Autophagy is one process responsible for the removal of dysfunctional proteins from the brain. Dysregulation of autophagy may result from the accumulation of abnormal proteins in the course of PD [26]. Autophagy is critical for the regulation of α-synuclein (α-SYN) protein levels and is protective against neuronal death [11]. Disrupted, autophagy has been suggested as a mechanism for MPTP/MPP+-induced toxicity [18], [41] [44]. The aggregation of α-SYN monomers, presumably caused by disrupted autophagy, has been suggested to play a crucial role in PD pathology, with α-SYN toxicity depending on the oligomerization/aggregation status [7]. Exposing dopaminergic cells to MPP+ may be an effective model of α-SYN aggregation-related neurotoxicity. However, little is known about the underlying mechanism of MPTP/MPP+-induced autophagy, but it may be related to microtubule-associated protein function. The conversion of light chain 3 (LC3) BI to LC3BII occurs as part of the normal autophagy process. Evidence for autophagy in PD-related neurodegeneration is supported by an in vitro MPP+ model of PD, where an increase in LC3BII was shown to be the result of a pro-death mechanism and may be dependent on the aggregation of α-SYN in the dopaminergic system [14].

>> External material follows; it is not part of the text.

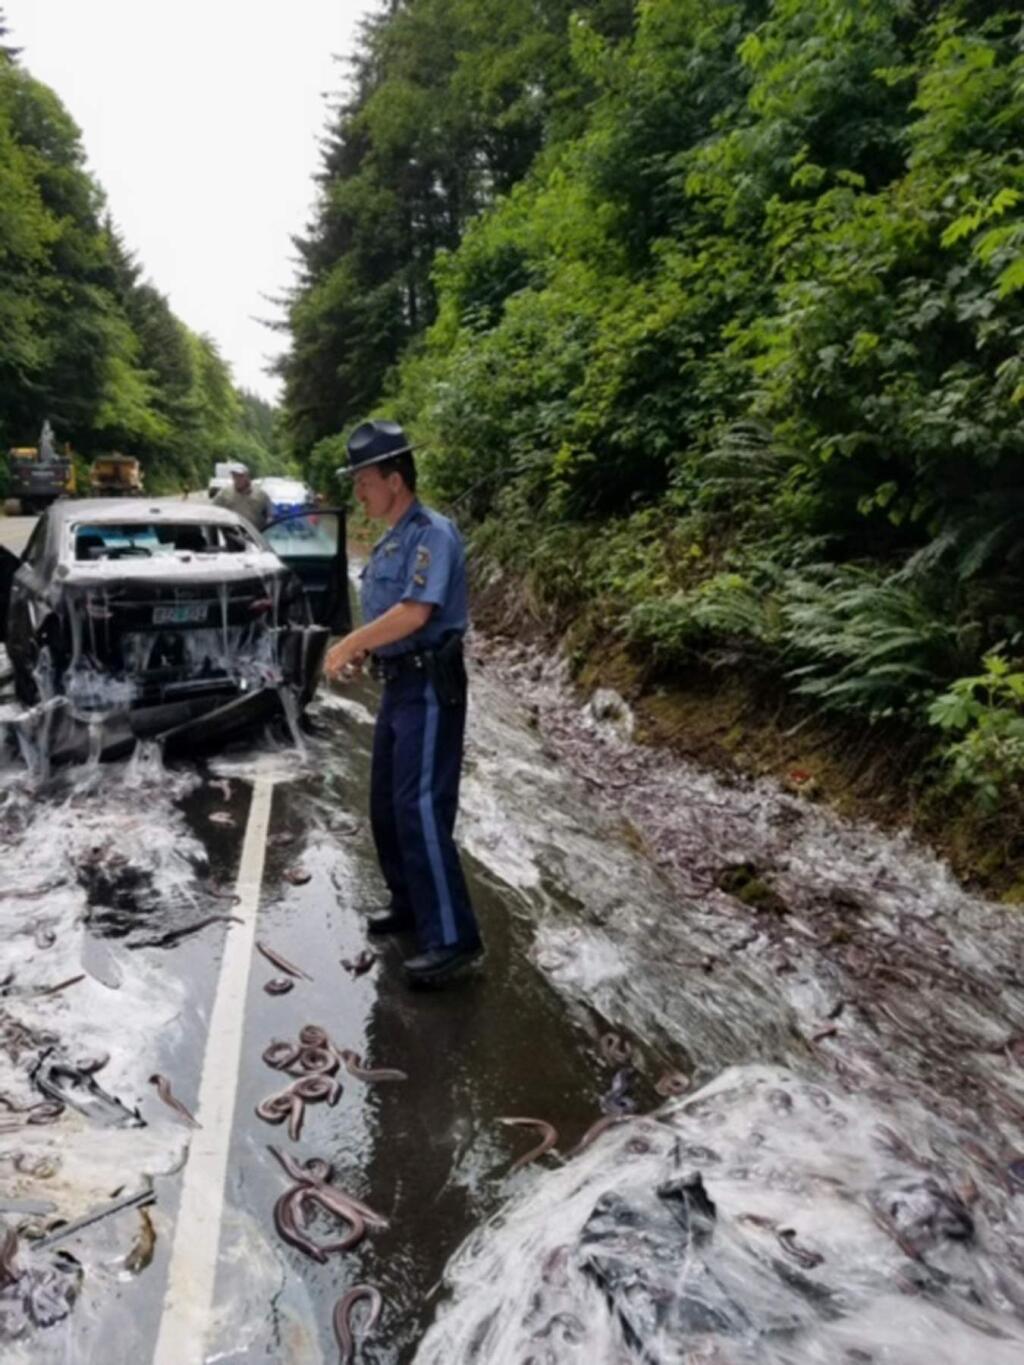 In this photo provided by the Oregon State Police, a state police officer works the site after a truck hauling eels overturned on Highway 101 in Depoe Bay, Ore., Thursday, July 13, 2017. Police said Salvatore Tragale was driving north with 13 containers holding 7,500 pounds (3,402 kilograms) of hagfish, which are commonly known as slime eels. (Oregon State Police via AP)

Aggregation of α-SYN and recruitment of Parkin may be caused by mitochondrial dysfunction [15], [39]. α-SYN is an abundant neuronal protein that when misfolded, accumulates and is deposited into Lewy bodies in PD. α-SYN aggregation may induce early synaptic loss and axonal damage, both being prominent signs of nigrostriatal degeneration in PD [35], [36], [10]. Lewy bodies can contain aggregated Parkin, ubiquitin, and other proteins [8], [1]. Parkin is an E3 ubiquitin-protein ligase, which facilitates proteasomal degradation of misfolded proteins, like α-SYN in Lewy bodies [17]. The observation of parkin-α-SYN complexes in PD brains suggests these proteins interact and are co-localized in pathological structures [5]. Parkin has been implicated in the regulation of proteasomal degradation pathways as well as mitophagy [8], [9]. The colocalization of these proteins further supports disrupted autophagy as a pathological mechanism in PD.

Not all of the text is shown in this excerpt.